Heart trip hammering, he reached for the
papers and began to scan his eyes over the names—looking for that one name he
sought.

But it wasn’t there. He looked around him,
latched his attention on each and every faceless person there but she wasn’t
among them. He would have known if she was.

He looked toward the keep. At the
bedchamber window.

And saw her.

He sucked in a breath for she was standing
at the window with her hands on the panes, looking down at him.

She screamed and her scream unleashed the
terrible force of the keep’s destruction. Sound rushed back like an advancing
tornado. The flames streaked across the lower level and thrust outward from the
windows of the rooms on the floors above. The people around him began to moan
and wail, pointing their fingers at the room where she stood framed in the
window.

“Antonia!” he yelled and started forward,
digging his heels into the earth as he sprinted for the keep.

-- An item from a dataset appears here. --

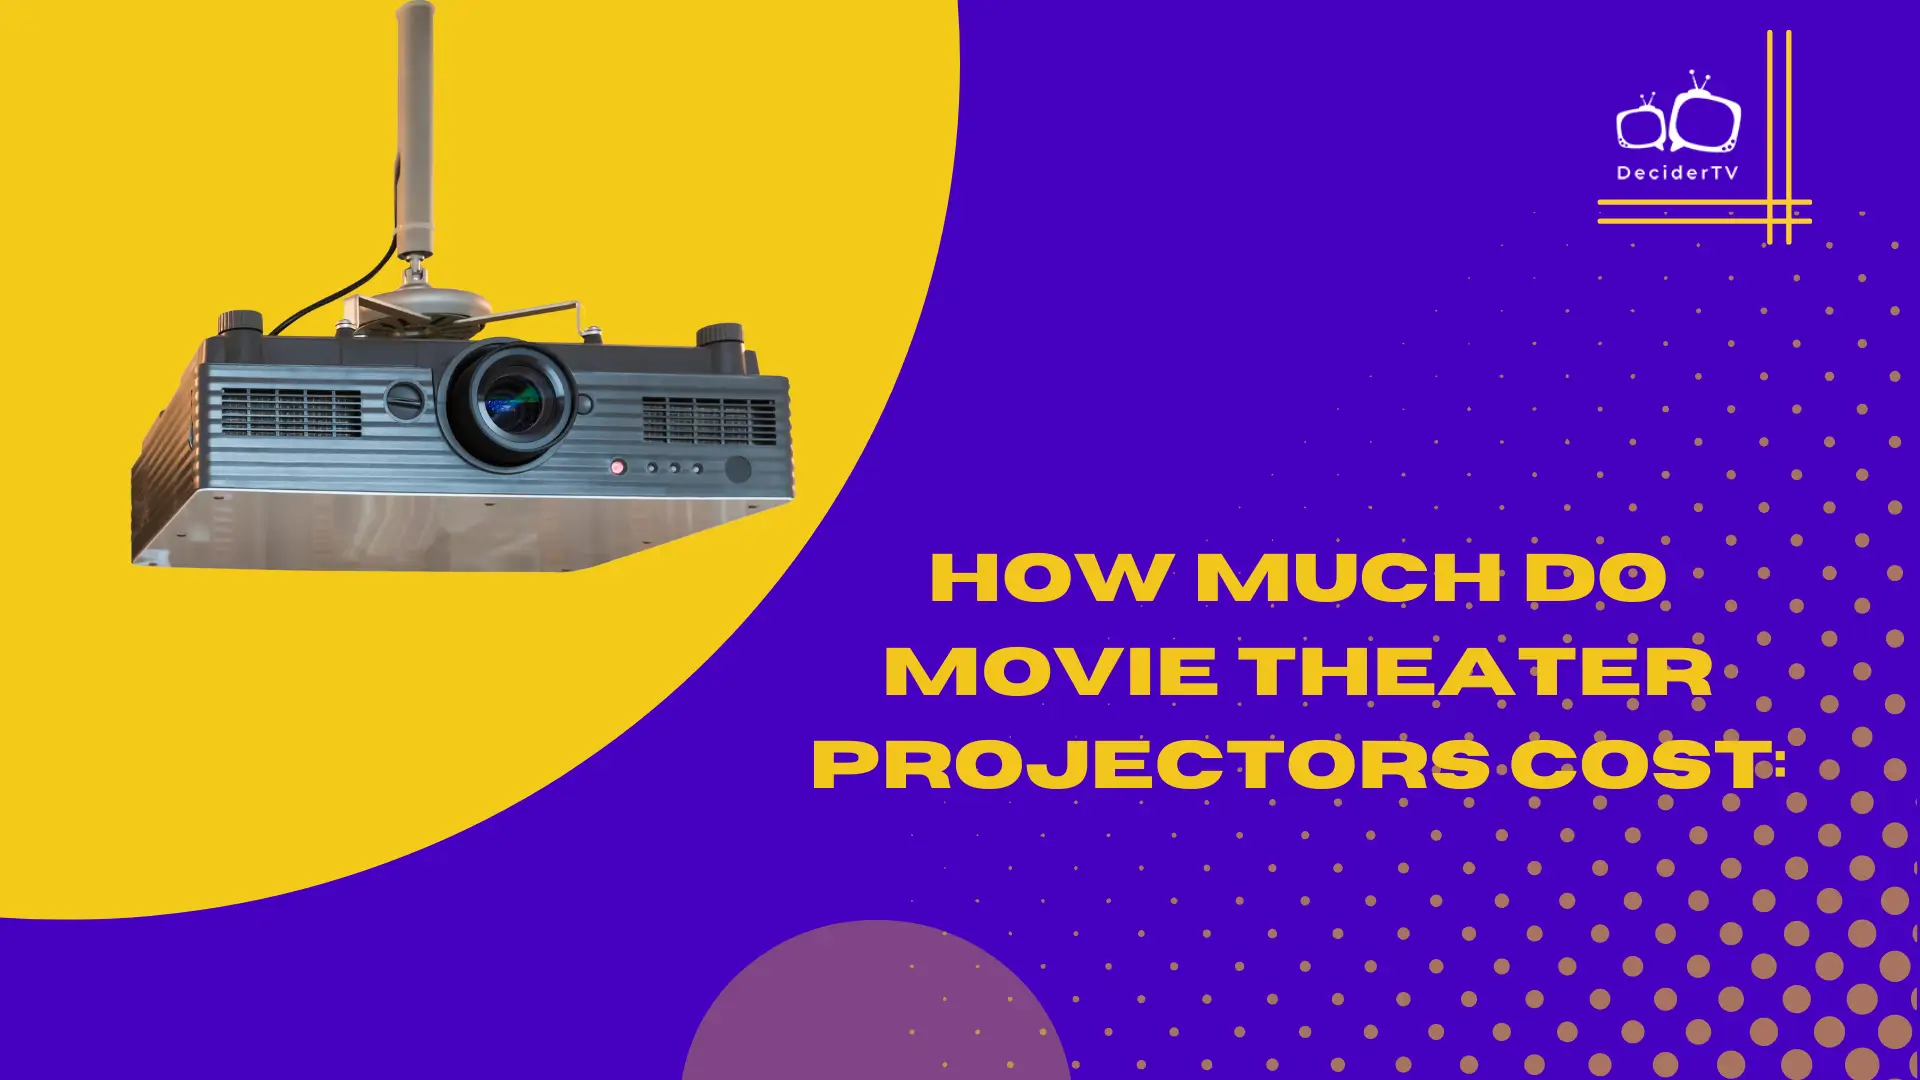 How Much Do Movie Theater Projectors Cost?
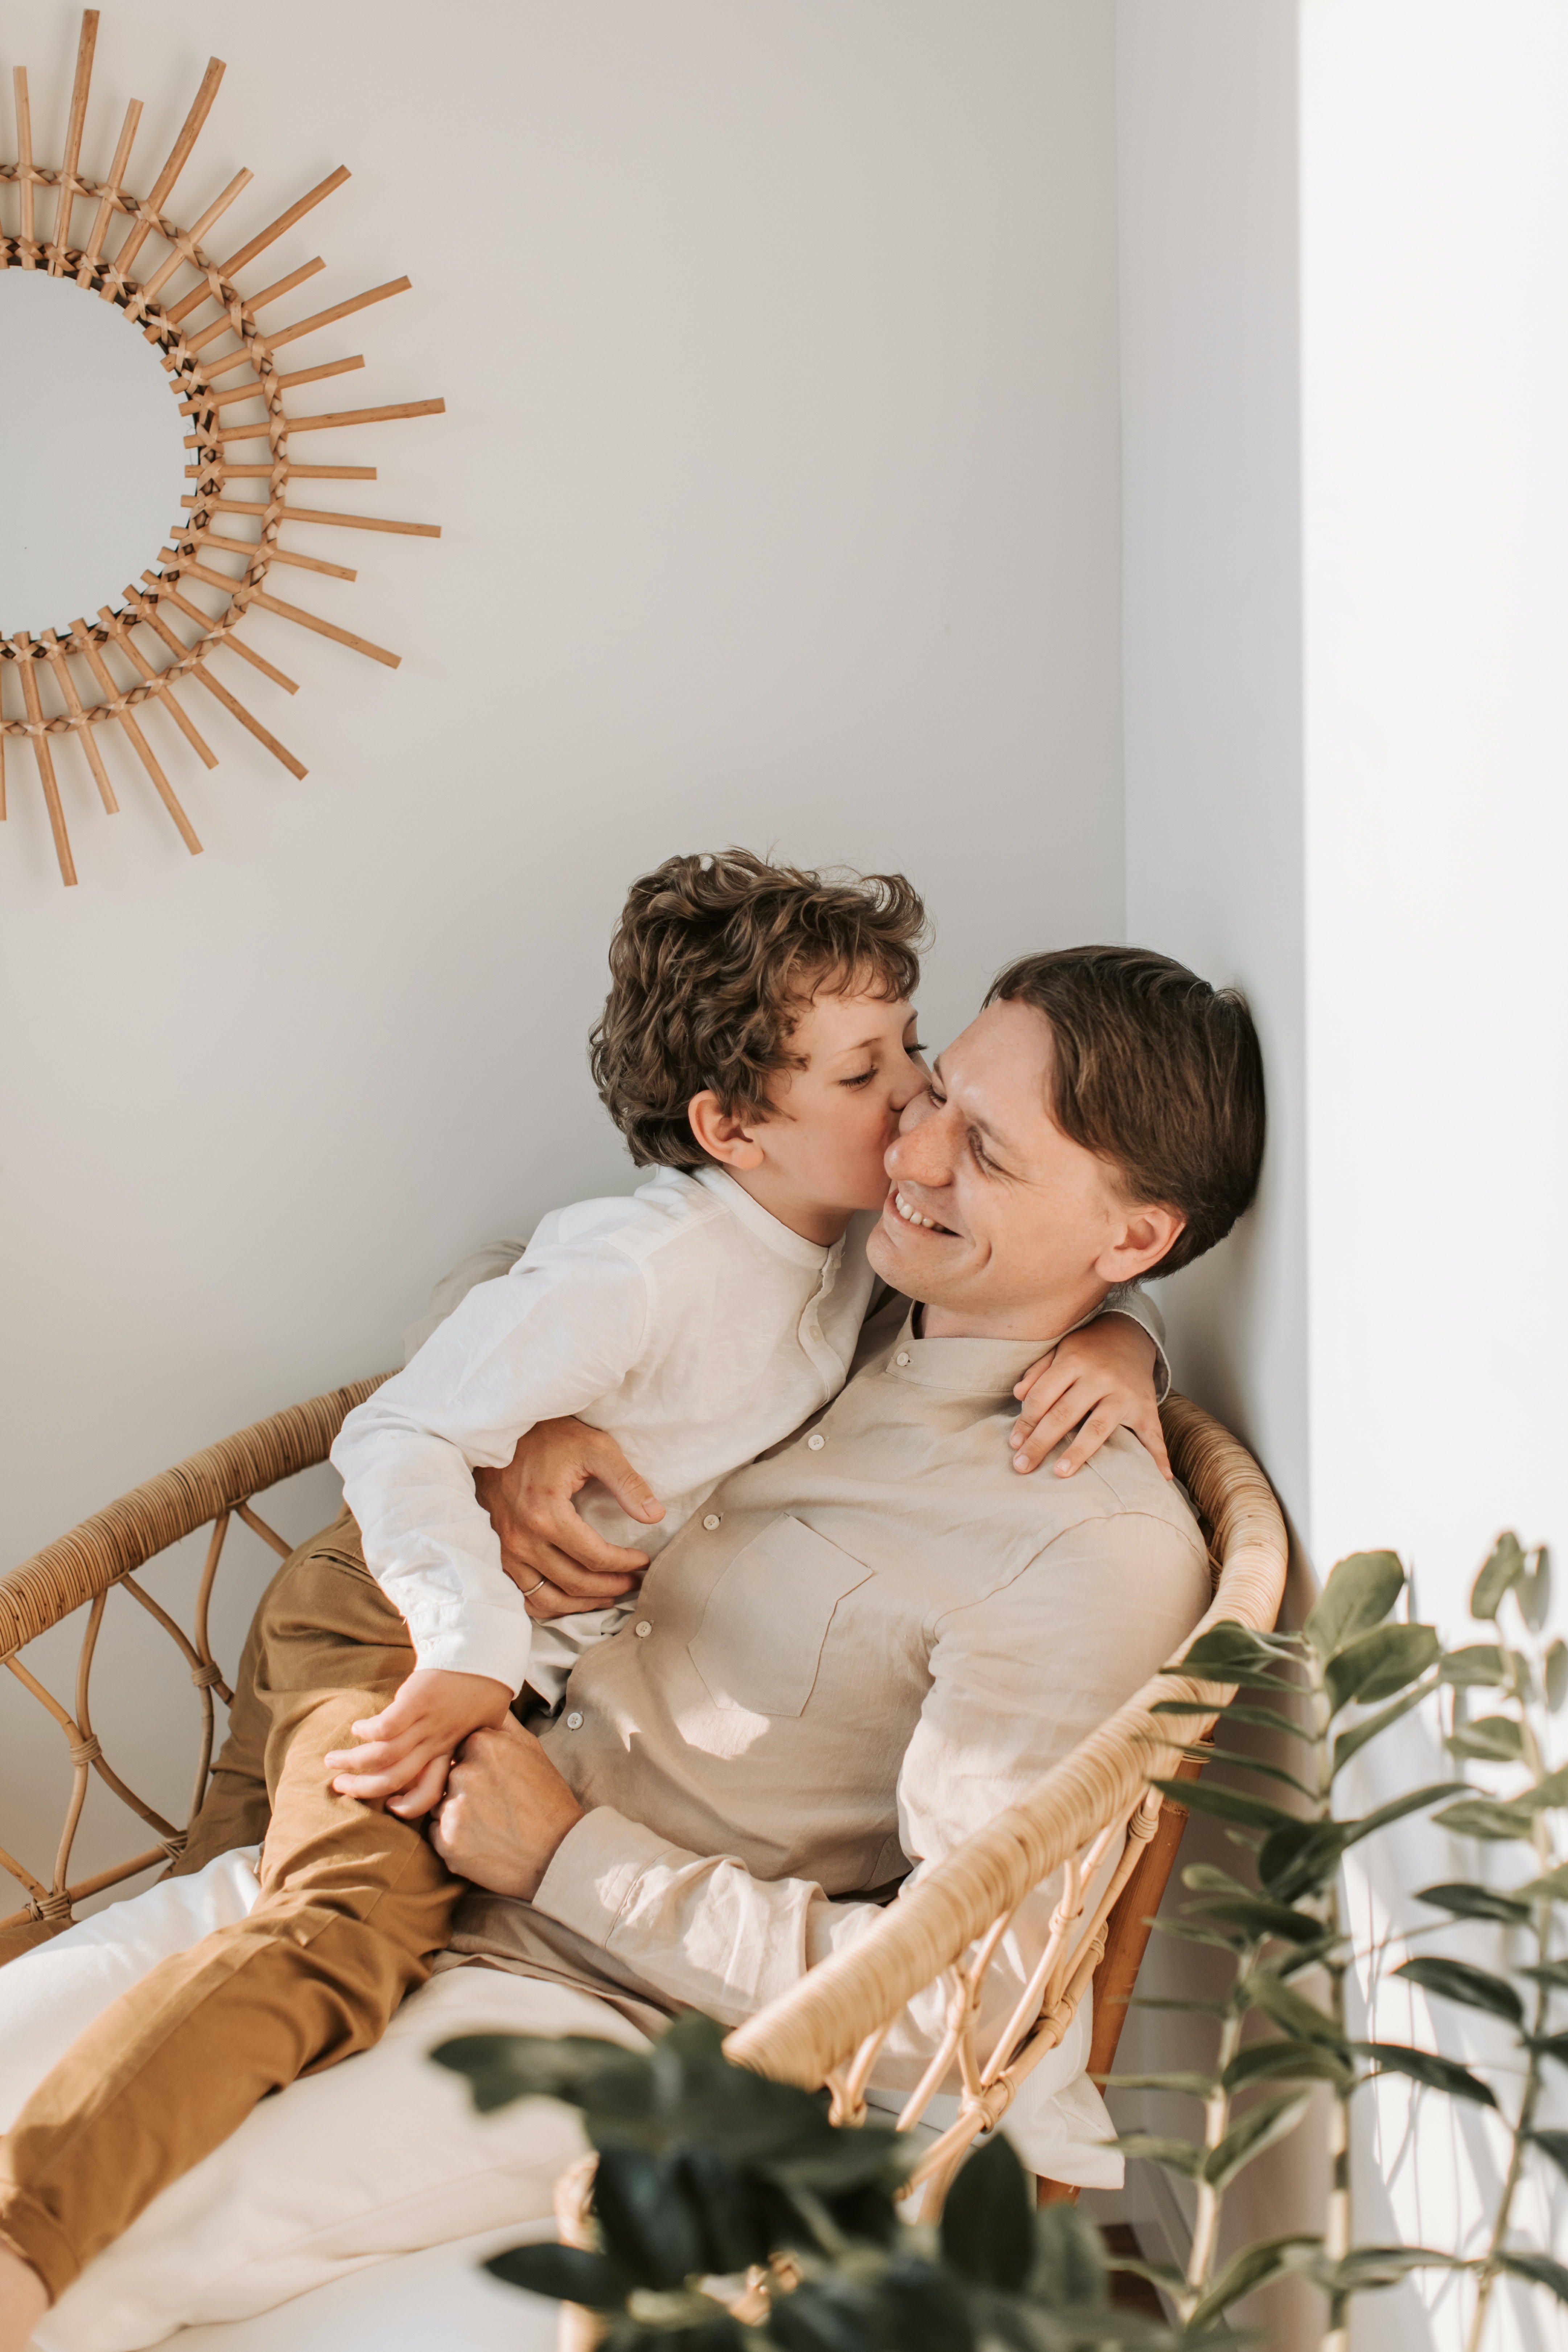 The little boy was happy to have his father back, and loved to ask him questions. | Photo: Pexels/Vlada Karpovich

Someone grabbed him, stopped him and he
fought them, hissing and growling and slashing at them with fangs and claws but
they drew him back away from the blazing inferno.

“Antonia!” he screamed.

There was a horrible cracking sound and he
struggled harder. Five men were holding him, dragging him. She was beating
against the window, trying to break the glass. Behind her, flames undulated.

“Let go of me!” he bellowed.

Another loud crack ricocheted through the
air to signal the roof timbers were giving way.

“Let go of me!” he screamed. “I have to
save her!”

A series of crackling pops.

A loud groan.

And the roof caved in.

The window of the bedchamber dissolved and
the entire level dropped like a rock.

“No!” he shrieked. “No!”

“There’s nothing you can do, General,”
someone said. “She’s gone.”

Though they held his arms, he sank to his
knees, his head raised to look at the destruction he had caused, he had
wrought.

“I am about to issue the order to bring
this wretched pile of stones to the ground. Every stick of furniture, every
drapery, every painting, everything that remains will be put to the torch.
There will not be one block, one timber, or one girder left standing when I am
through.”

And that was what he had done but in the
doing he had destroyed the only good thing he would ever have in his life.